Exclusion criteria were: Non-randomized designs, quasi-experimental studies, observational studies, protocols, conference abstracts without full data, and narrative reviews. Trials in which yoga or the comparator exercise was combined with additional co-interventions (e.g., medication programs, manual therapy, acupuncture) that were not matched across groups, making the comparative effect of yoga versus exercise unclear. Studies without extractable outcome data (e.g., data only displayed in figures without numerical values and unavailable from authors). Duplicate publications using overlapping samples (in such cases, the most complete dataset was retained).
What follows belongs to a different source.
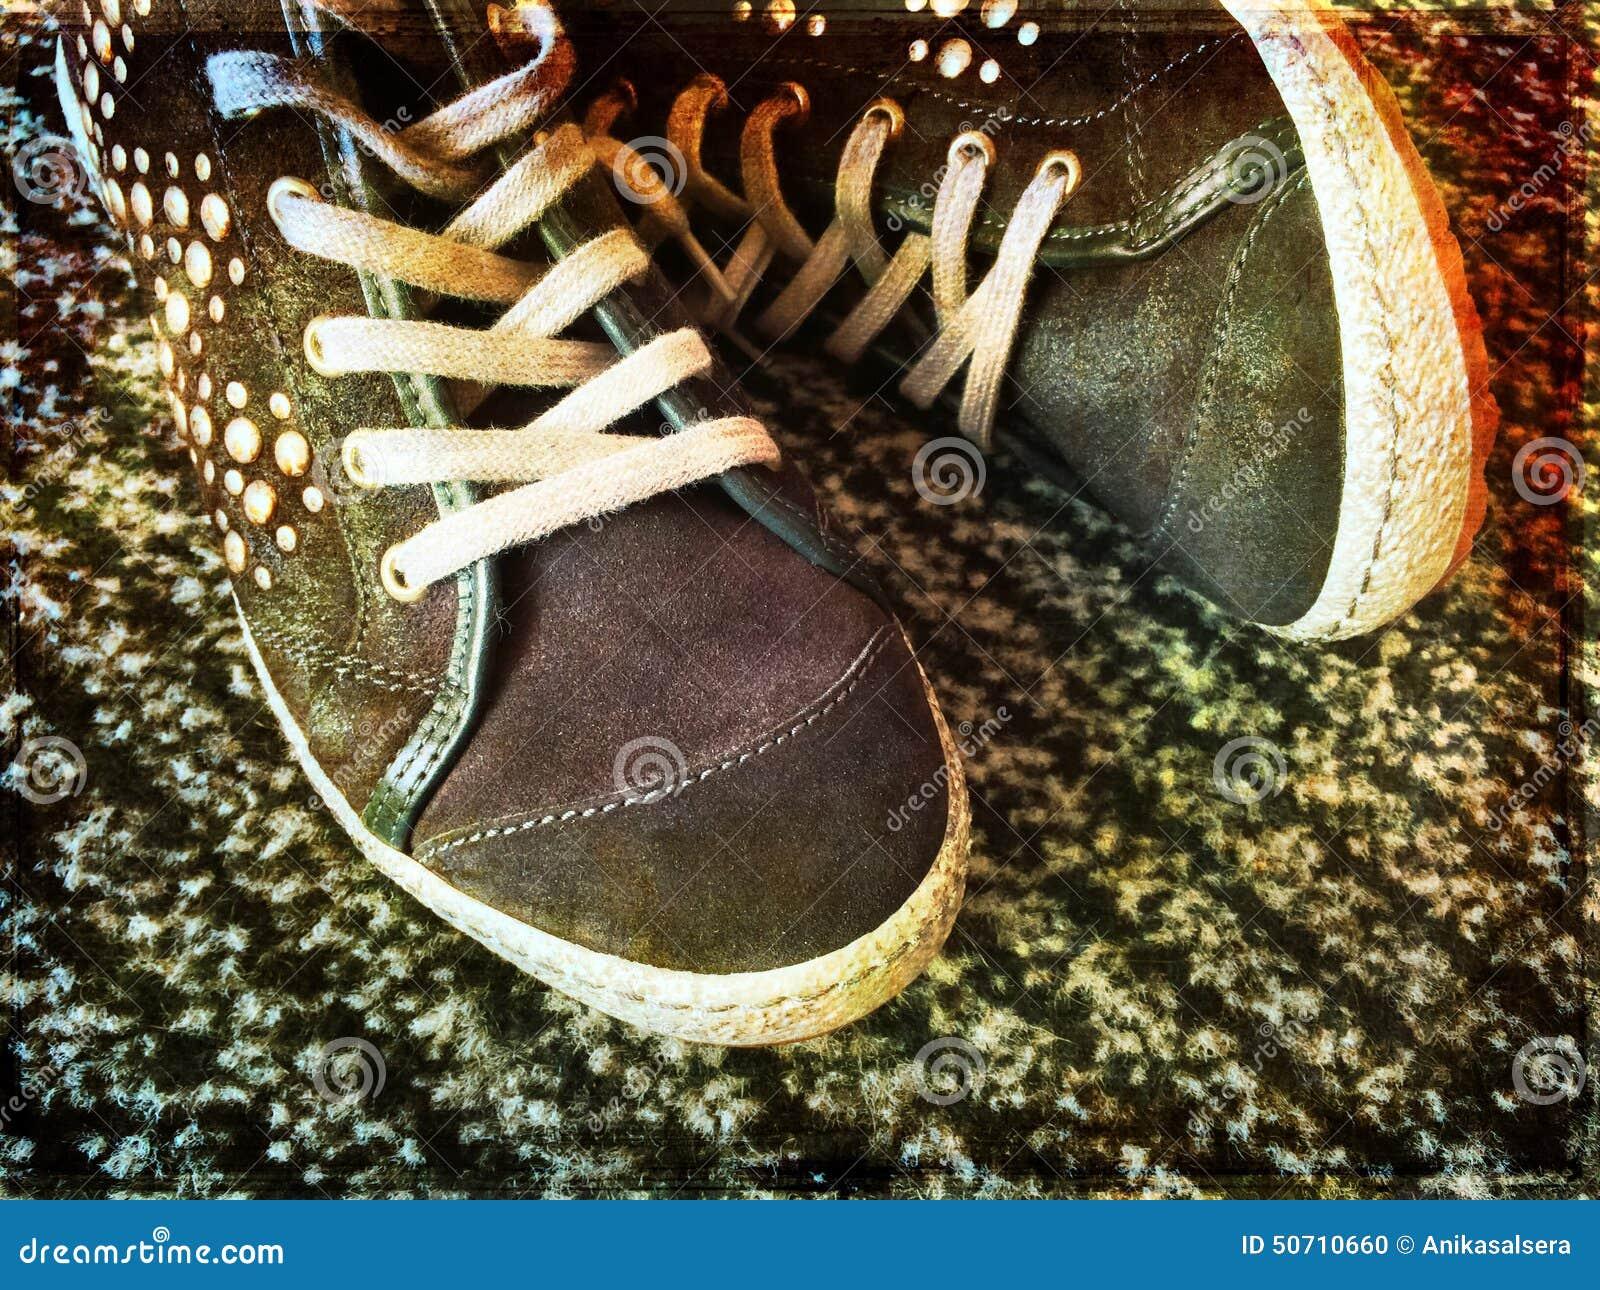 3688027dcfa Μοντέρνα εφηβικά παπούτσια στοκ εικόνες. εικόνα από κανένας - 50710660

Data extraction and management

The research team systematically collected and analyzed key information from the selected studies for quantitative evaluation. This comprehensive dataset encompassed multiple dimensions: researcher identities and study dates, geographical locations, participant age ranges across treatment and comparison cohorts, distinct therapeutic approaches implemented in each group, particular yoga styles employed in the experimental arm, frequency and length of intervention sessions, total treatment period, and assessment criteria. Two investigators independently performed this data collection procedure. Following information gathering, they collaboratively developed a structured data compilation framework, which subsequently underwent verification by an additional researcher. Through collective deliberation among all three team members, consensus was reached regarding the definitive dataset and the organization of the compiled information.

Quality assessment

Two investigators separately performed bias risk evaluations utilizing Review Manager 5.4 software. Following comprehensive article review, they appraised potential biases in the selected research papers. The assessment focused on multiple domains: selection bias (including randomization methods and concealment procedures), performance bias (related to participant and staff blinding), detection bias (concerning outcome evaluator blinding), attrition bias (pertaining to missing data), and reporting bias (involving selective result disclosure). Each criterion was rated according to three categories: (1) minimal bias risk, (2) significant bias risk, or (3) indeterminate bias risk. Upon finishing individual evaluations, the researchers reconciled any discrepancies through deliberation and consultation with a third reviewer.

Data analysis

The research employed Review Manager 5.4, a meta-analysis tool developed by the Cochrane Collaboration, to process all collected study data. Since the dataset exclusively comprised continuous variables, the analysis utilized standardized mean differences (SMD) for effect size estimation. Statistical significance was determined through z-tests with 95% confidence intervals (CIs).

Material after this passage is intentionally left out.